Dass die angeforderte Seite auch die Infos des gewünschten Users ausgibt, etc.
Ein paar Tipps in diese Richtung wären echt nett.


Meine zweite Frage ist etwas spezifischer:
Momentan gebe ich gepostete Messages mit dem foreach JSTL-Tag wieder.
Das Problem ist nur das neue Nachrichten immer unten rangestellt werden, bzw. der foreach Tag recht blöd zu formatieren ist was die Ausgabe als einzelne Nachricht betrifft.
Weil alle Nachrichten dann ja eig. in einem "Klumpen" zusammenhängen.
Gäbe es da evtl. eine bessere Möglichkeit?

EDIT: 
Hab gerade gesehen, dass bei Facebook jedes Profil eine ID hat, von der ich annehme dass sie beim Erstellen des Profils erzeugt wird.
D.h. ich könnte einen User mit einer ID verknüpfen und wenn Nachrichten auf seiner Pinnwand erstellt werden, haben sie als Attribut diese ID dabei?
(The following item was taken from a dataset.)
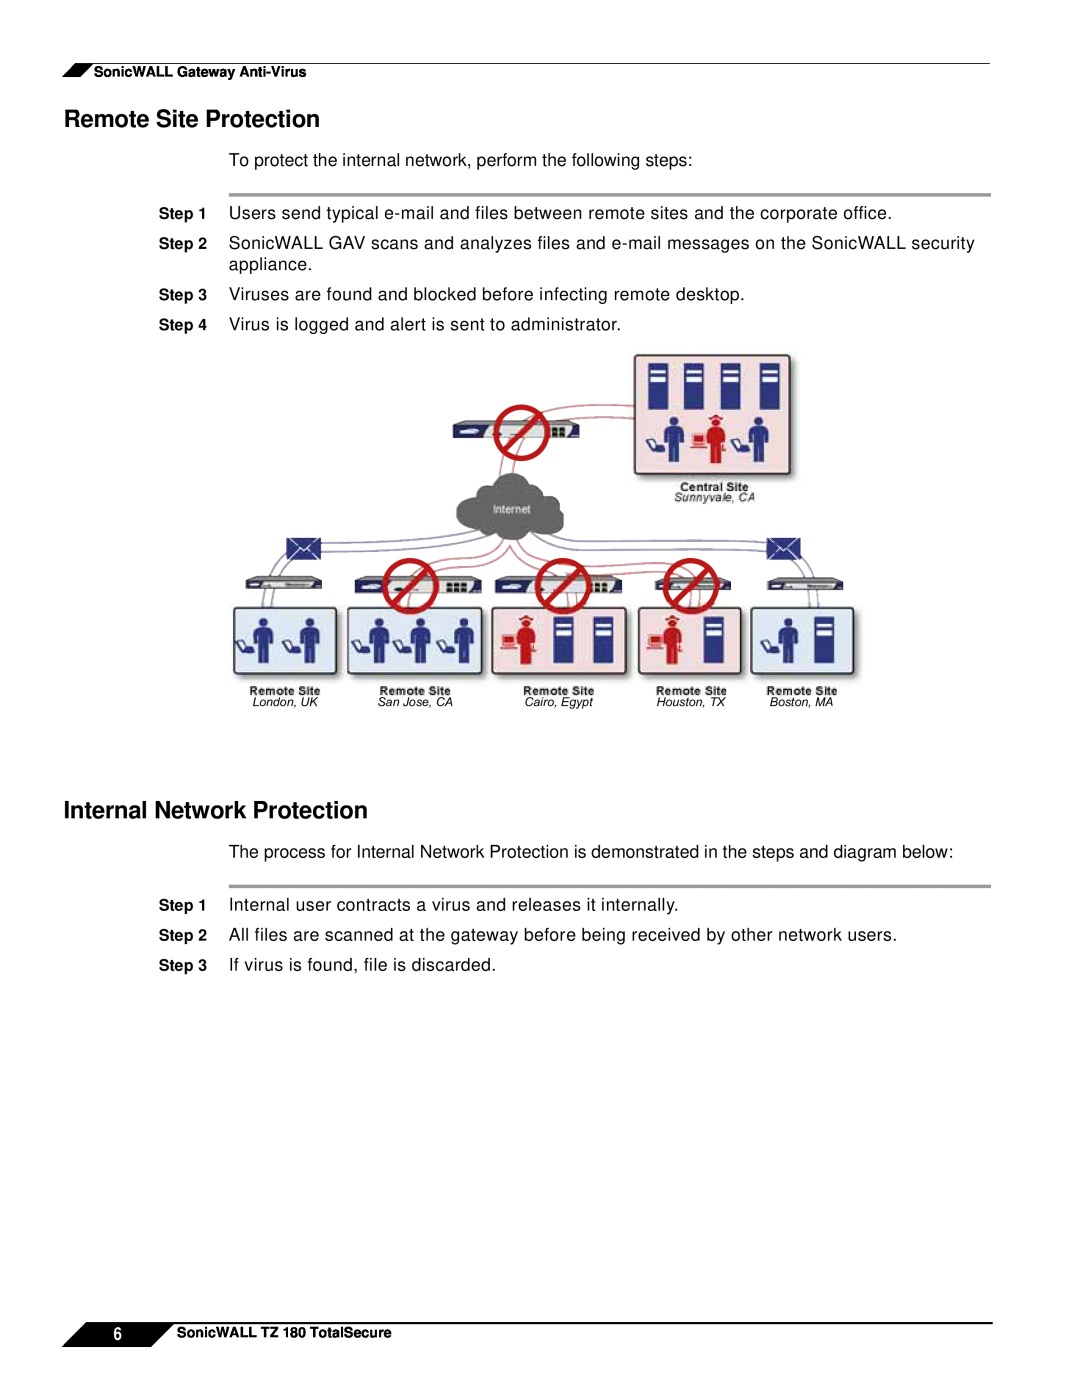 SonicWALL TZ 180 manual Remote Site Protection, Internal Network Protection, SonicWALL Gateway Anti-Virus

Ich wäre um jede hilfreiche Antwort sehr froh und dankbar.
LG
Tarantoga


----------



## Tarantoga (9. Jun 2011)

Ich befasse mich gerade etwas mit JMS. Das klingt eig. ganz gut, für die Zwecke die ich andenke.
Nach wie vor, habe ich noch keine genaue Vorstellung davon, wie ich den Aufruf eines Links dazu verwenden kann die Pinnwand eines bestimmten Users anzuzeigen.


----------



## F.S.WhiTeY (11. Jun 2011)

Dein gedanke mit der Datenbank ist richtig. Wie man das nun in der Tabelle/DB organisiert ist denke ich eine geschmacksfrage. Vieleicht schaust du mal in die Design Pattern? Da stehen solche Sachen ja drin. Für fast jedes IT-Problem gibt es ein Pattern das man als Richtwert nutzen kann. 
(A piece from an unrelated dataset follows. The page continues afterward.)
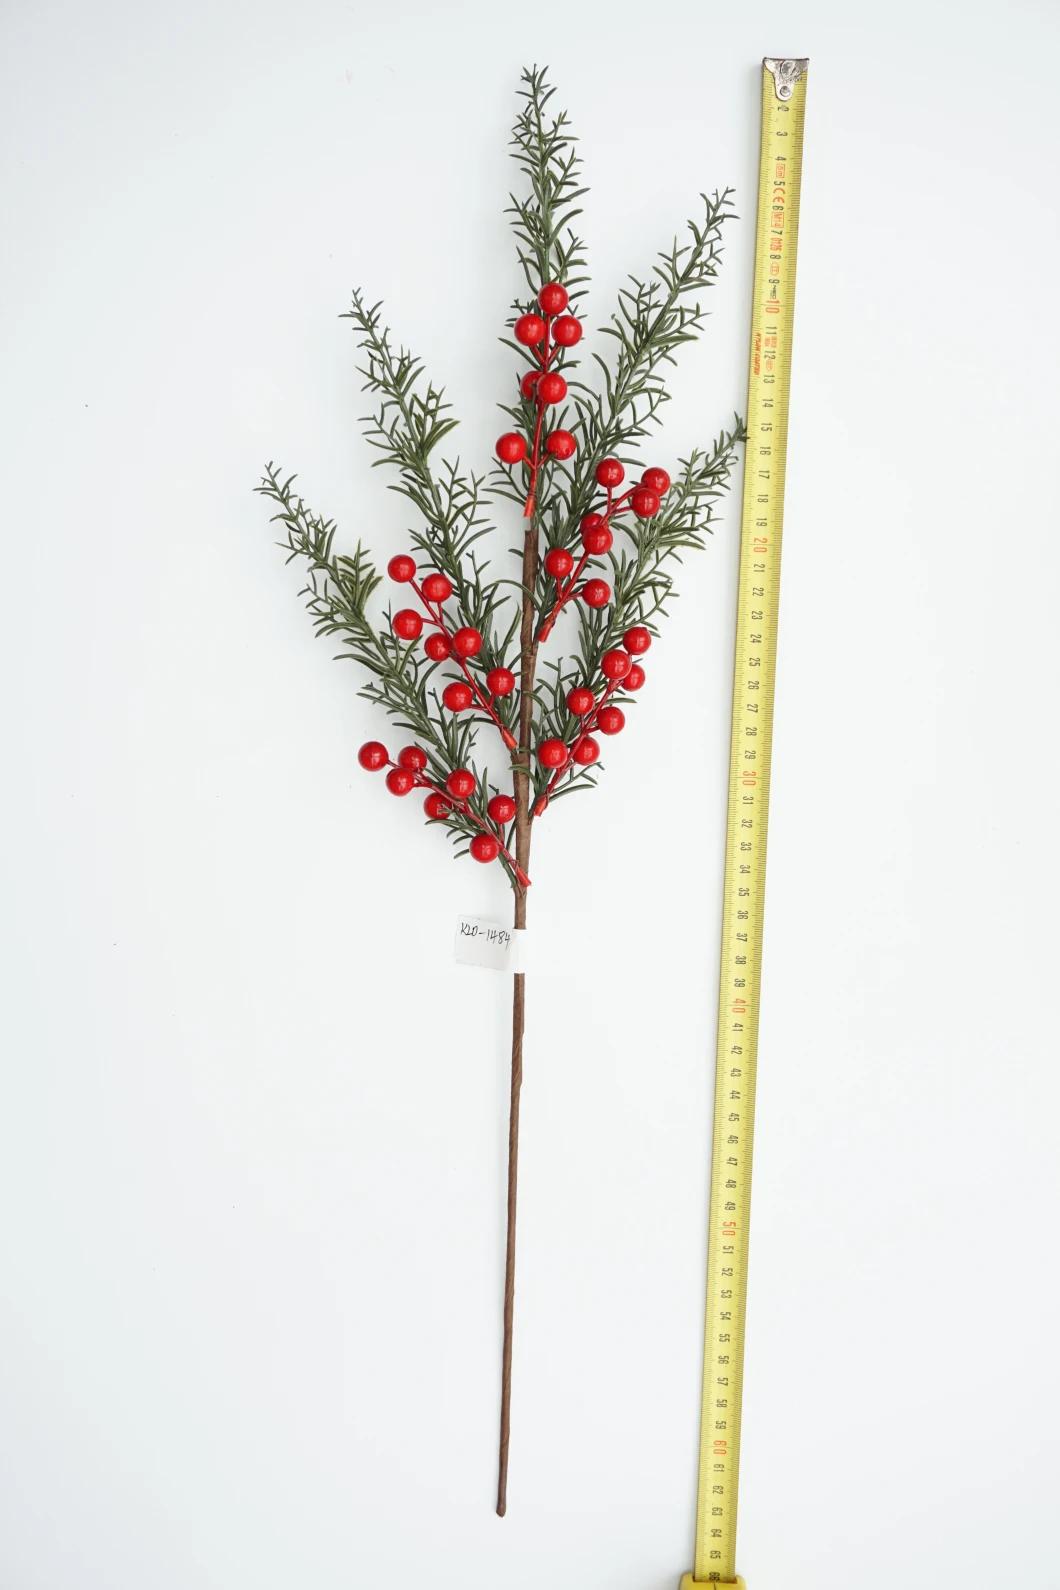 Red Christmas Berry Blossom Branch Christmas Artificial Berry Fruit Pick

Was ich mich allerdings Frage und das häufiger auch bei anderen Usern:

Warum setzt ihr euch mit JSP und der JSTL auseinander? Der aktuelle Standard ist JSF 2.0 mit darauf ausgerichteten Frameworks. Die JSTL wird NUR zu Kompatibilitätszwecken aufrecht gehalten und sollte bei neuen Projekten nicht verwendet werden.
Auch deine "Designprobleme" im sinne der Formatierung lösen sich durch JSF mit Ajax evt. in Luft auf. 


Auch würde ich dir für deine Datenbankgeschäfte JPA und Hibernate ans herz legen. Das ist Objektrelazional die beste Variante und ist schön übersichtlich/Code spaarsam.


----------



## JanHH (13. Jun 2011)

In der Tat, wenn man da mit JSF 2.0/JPA rangeht, löst sich die ganze ursprüngliche Frage wie von selber..

sind dann nur noch ca. 10 Zeilen Code überhaupt ;-).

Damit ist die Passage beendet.